Request Buffer #75

vermapratyush · 2017-09-26T15:12:01Z

Adds a buffer on requests before throwing ErrMaxConcurrency.
The Timeout is still adhered to, timer starts when the request is submitted to hystrix-go, not when execution starts. This basically implements MaxQueueSize as present in the Netflix's Hystrix

The default value of MaxQueueSize is 50 (5 * DefaultMaxConcurrency), although can be overridden when initialising circuit.

In addition to the request buffer, the PR includes a different way to solving for #67 . It uses channels instead of sync.Once as it makes the Go() function simpler. Also some go-lint fixes.

We have been running this in production at GrabTaxi for a while, and there seems to be no side effects.

Adds a buffer on requests before throwing ErrMaxConcurrency The Timeout is still adhered to, timer starts when the request is submitted, not when execution starts.

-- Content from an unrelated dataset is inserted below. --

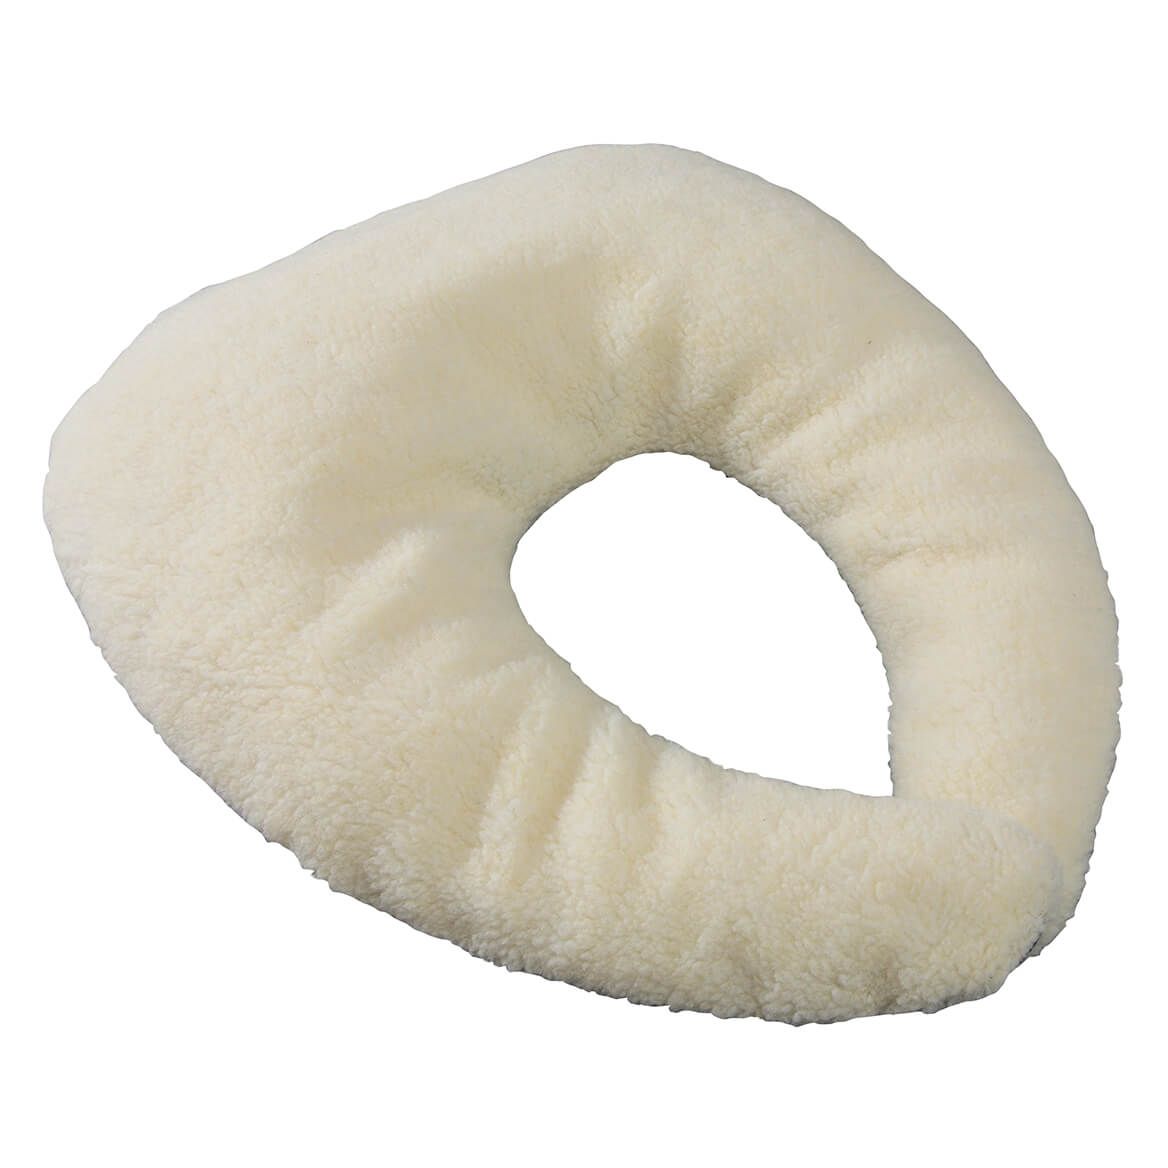 Sherpa C-Shaped Pillow + '-' + 356549

tonyghita · 2017-10-10T04:00:04Z

hystrix/eventstream.go

 	})
 	if err != nil {
 		return err
 	}
-	err = sh.writeToRequests(eventBytes)
+	_ = sh.writeToRequests(eventBytes)


Should probably return sh.writeToRequests(eventBytes) instead of ignoring the error.

tonyghita

This looks really promising! I hope it gets merged soon.

tonyghita · 2017-10-10T04:07:56Z

.gitignore

@@ -1 +1,3 @@
-.vagrant
+*.iml


The IDE-specific ignore lines probably belong in your global .gitignore: https://help.github.com/articles/ignoring-files/#create-a-global-gitignore

tonyghita · 2017-10-10T04:09:02Z

README.md

+	Timeout:                     1000,
+	MaxConcurrentRequests:       100,
+	ErrorPercentThreshold:       25,
+	QueueSizeRejectionThreshold: 100,


How would you pick a good value for QueueSizeRejectionThreshold?

The default value of QueueSizeRejectionThreshold is currently equal to the MaxConcurrentRequests. This should take care of request spike which is 2x the usual.
2x seems to be a decent number, although in some of the use-cases I have seen 3x-4x as well (in my workplace).
Netflix also use a number equal to MaxConcurrentRequests, although I am open to suggestion for a better default value.

tamccall · 2017-11-10T19:08:44Z

hystrix/metric_collector/metric_collector.go

@@ -45,6 +45,8 @@ func (m *metricCollectorRegistry) Register(initMetricCollector func(string) Metr
 type MetricCollector interface {
 	// IncrementAttempts increments the number of updates.
 	IncrementAttempts()
+	// IncrementQueueSize increments the number of elements in the queue.
+	IncrementQueueSize()


This would break any external implementations of this interface. Should probably start managing releases as suggested by #70 before merging this

afex

first let me thank you for this patch. it is a welcome change and i appreciate the time you've spent on it. i'm sorry i took so long to tackle this review.

before i can merge it, however, you need to address the regression presented by the addition of the queued event, as well as the default value for the queue size.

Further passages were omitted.